Seems like GTX 650ti will loose it's place if 7790 comes anywhere near 10k


----------



## Inceptionist (Mar 22, 2013)

Yeah. AMD doen't have a card in that segment. I'm fairly certain this will be below 12k.


----------



## ZTR (Mar 22, 2013)

Let's hope that with the arrival of this the prices of 7770 and 7750 go down.



ASHISH65 said:


> any clue for release date? what you think about price of hd 7790 in india as it is faster than gtx 650ti at same price(in us)



7790 is gonna release in the first week of April.


----------



## Cilus (Mar 23, 2013)

Here is the HD 7790 Crossfire review from Guru3d :- Club3D Radeon HD 7790 Crossfire review - Introduction

Looks like AMD has addressed both the issues of Frame Latency and Micro Stuttering in Crossfire with their latest 13.2 Beta 7 and 13.3 Beta 2 drivers. In fact, there are cases you will find in the review, the Crossfire is performing more smoothly than a single card setup.


----------



## topgear (Mar 23, 2013)

thanks for sharing the news and looking at HD7850s current price I think this will be priced around ~11k to outperform GTX 650 Ti in market competition,

BTW, looking at the current AMD gpus and how well they perform I'm just wondering how much performance benefit is there if someone decides to release a HD7790 with 256 but memory bus.


----------



## Cilus (Mar 23, 2013)

Actually initially AMD Planned to release HD 7790 with 256 bit memory bus but the performance was too close to the HD 7850 1 GB version and might caused reasonable drop in the HD 7850's selling number. That's why they have decided to release the 128 Bit model with 1GB or 2 GB VRam.
Actually I was wondering about the Crossfire performance of this particular card. In terms of FPS, it is actually same or slightly better than GTX 670 and sometime touching HD 7970 GHz edition. Also the other negative factors of Crossfire setting like Micro Stuttering, Frame Latency etc have been addressed almost completely. So if it is priced around 11K, CF setup of it is actually a great VFM solution.


----------



## bestpain (Mar 23, 2013)

Cilus said:


> Actually initially AMD Planned to release HD 7790 with 256 bit memory bus but the performance was too close to the HD 7850 1 GB version and might cause reasonable drop in the HD 7850's selling number. That's why they have decided to release the 128 Bit model with 1GB or 2 GB VRam.
> Actually I was wondering about the Crossfire performance of this particular card. In terms of FPS, it is actually same or slightly better than GTX 670 and sometime touching HD 7970 GHz edition. Also the other negative factors of Crossfire setting like Micro Stuttering, Frame Latency etc have been addressed almost completely. So if it is priced around 11K, CF setup of it is actually a great VFM solution.

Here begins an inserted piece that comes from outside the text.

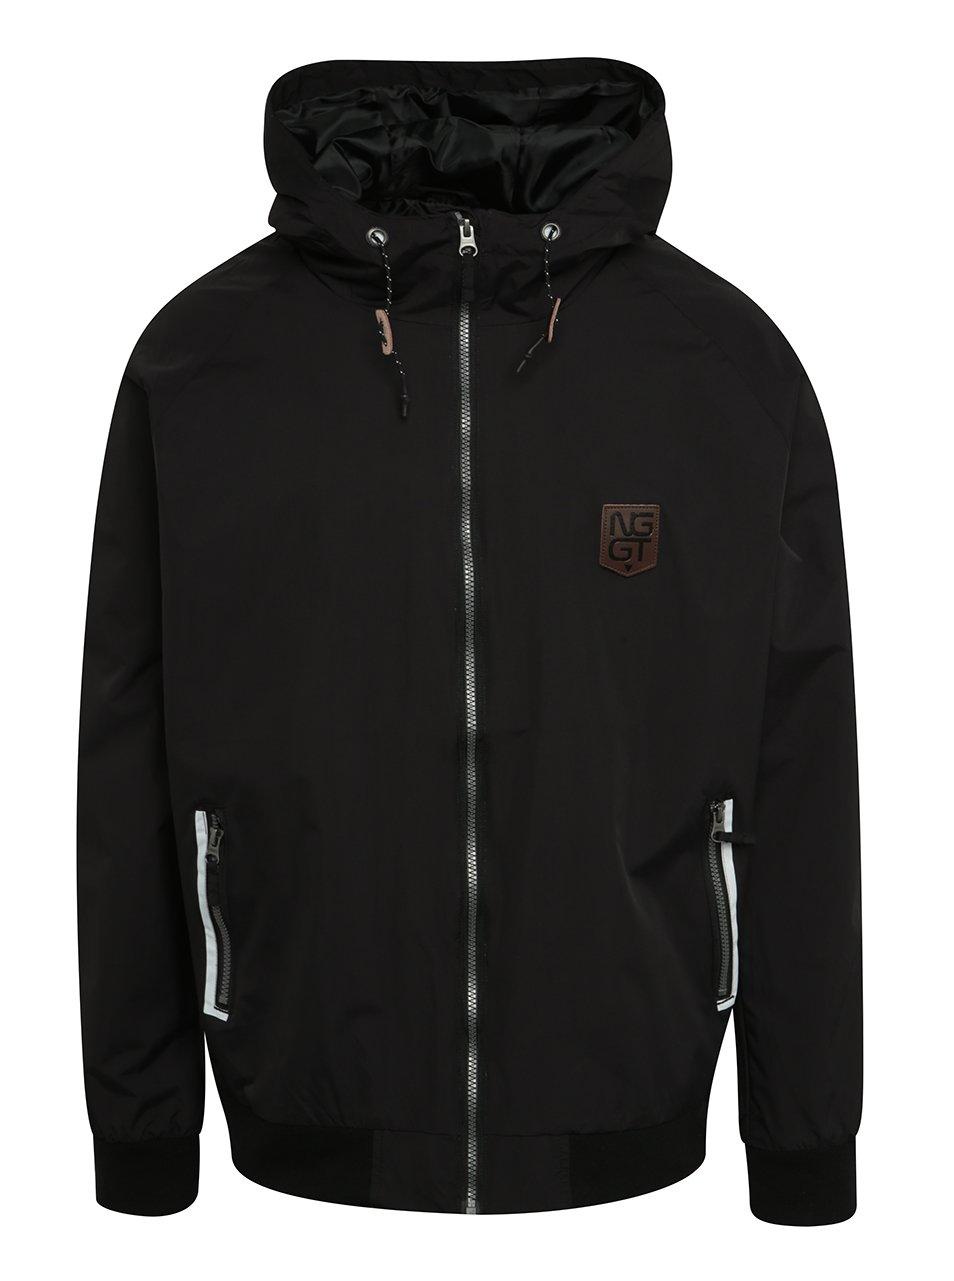 Černá pánská lehká bunda s kapucí NUGGET Deploy
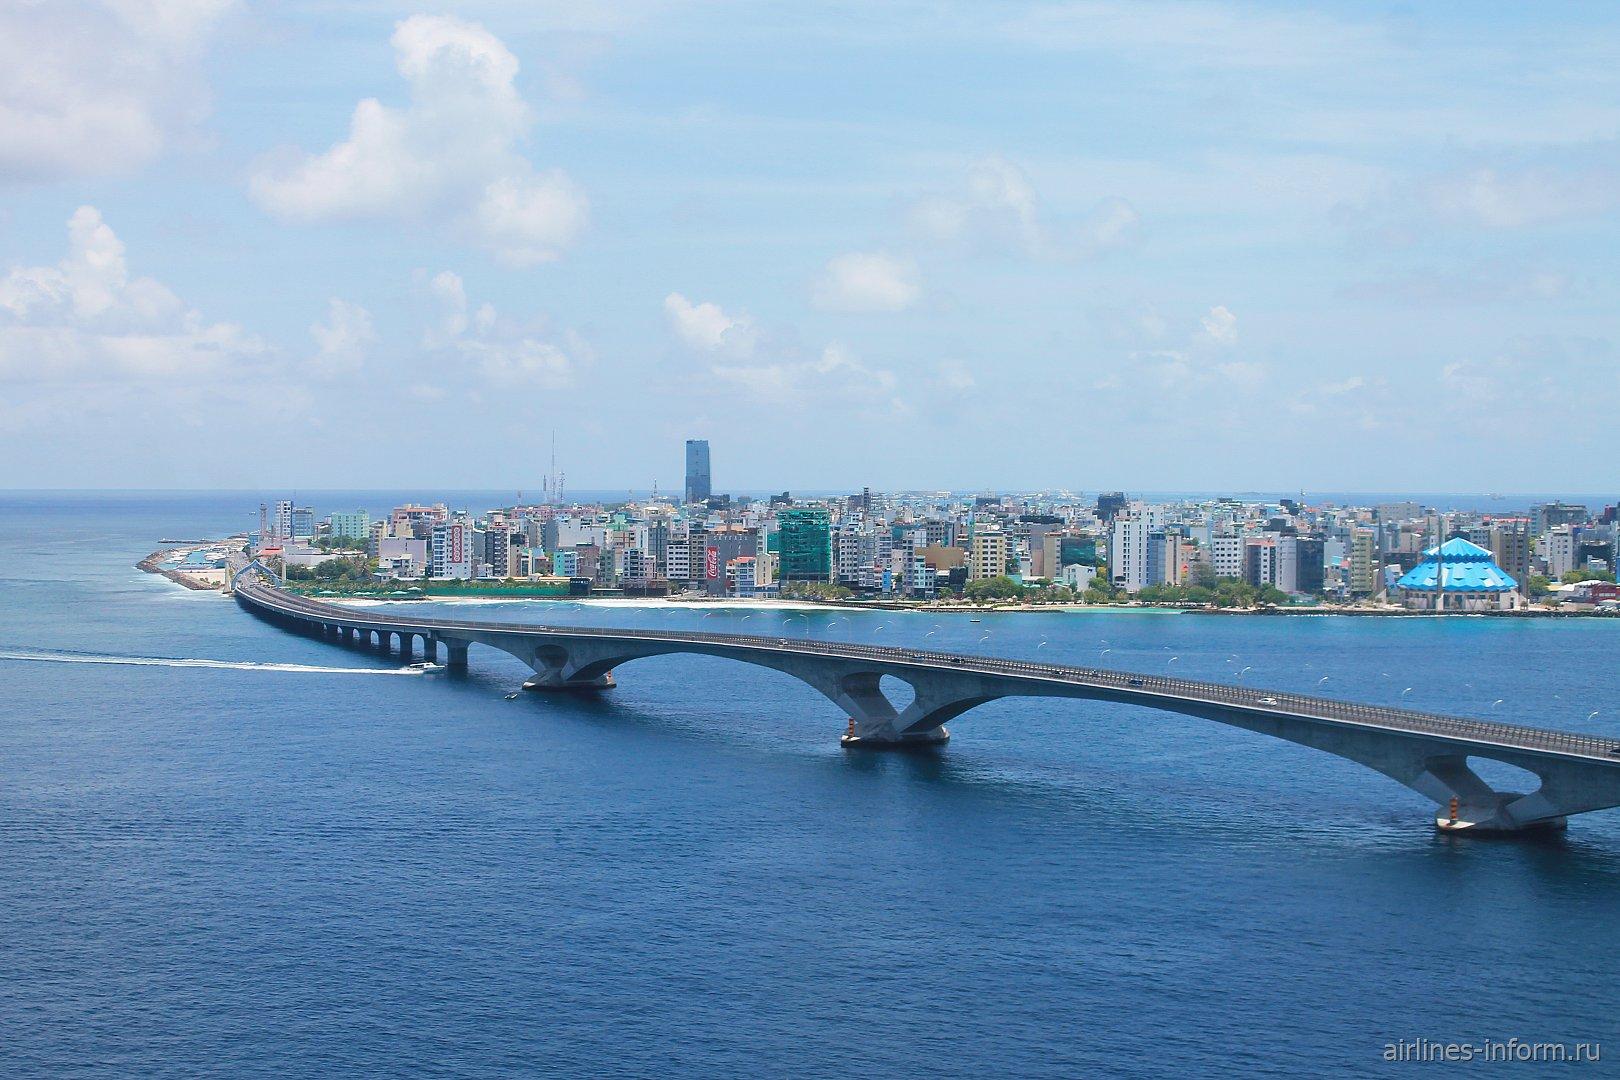 Автомобильный мост в Мале

plz cilus tell me when it will launch in India?

i think prices will be below 10k for 7790 1gb model and below 12k for 2gb model


----------



## theserpent (Mar 23, 2013)

Dam it only if i waited for 1 year i could have got this card


----------



## Sainatarajan (Mar 23, 2013)

Well,i am still waiting to buy one and this could be it.


----------



## sumalatha (Mar 23, 2013)

If HD7790 1GB comes for 9.5k I will definitely buy it. I may even CF it.


----------



## coderunknown (Mar 23, 2013)

Cilus said:


> Actually initially AMD Planned to release HD 7790 with 256 bit memory bus but the performance was too close to the HD 7850 1 GB version and might cause reasonable drop in the HD 7850's selling number. That's why they have decided to release the 128 Bit model with 1GB or 2 GB VRam.



most likely 128bit was used to keep the price as well as performance in check. 7790 is already priced higher than 650Ti (it'll be like 2k more once it is available here), adding a 256bit bus will make it more of a 7850 killer when it ties with 650Ti more times than it beats.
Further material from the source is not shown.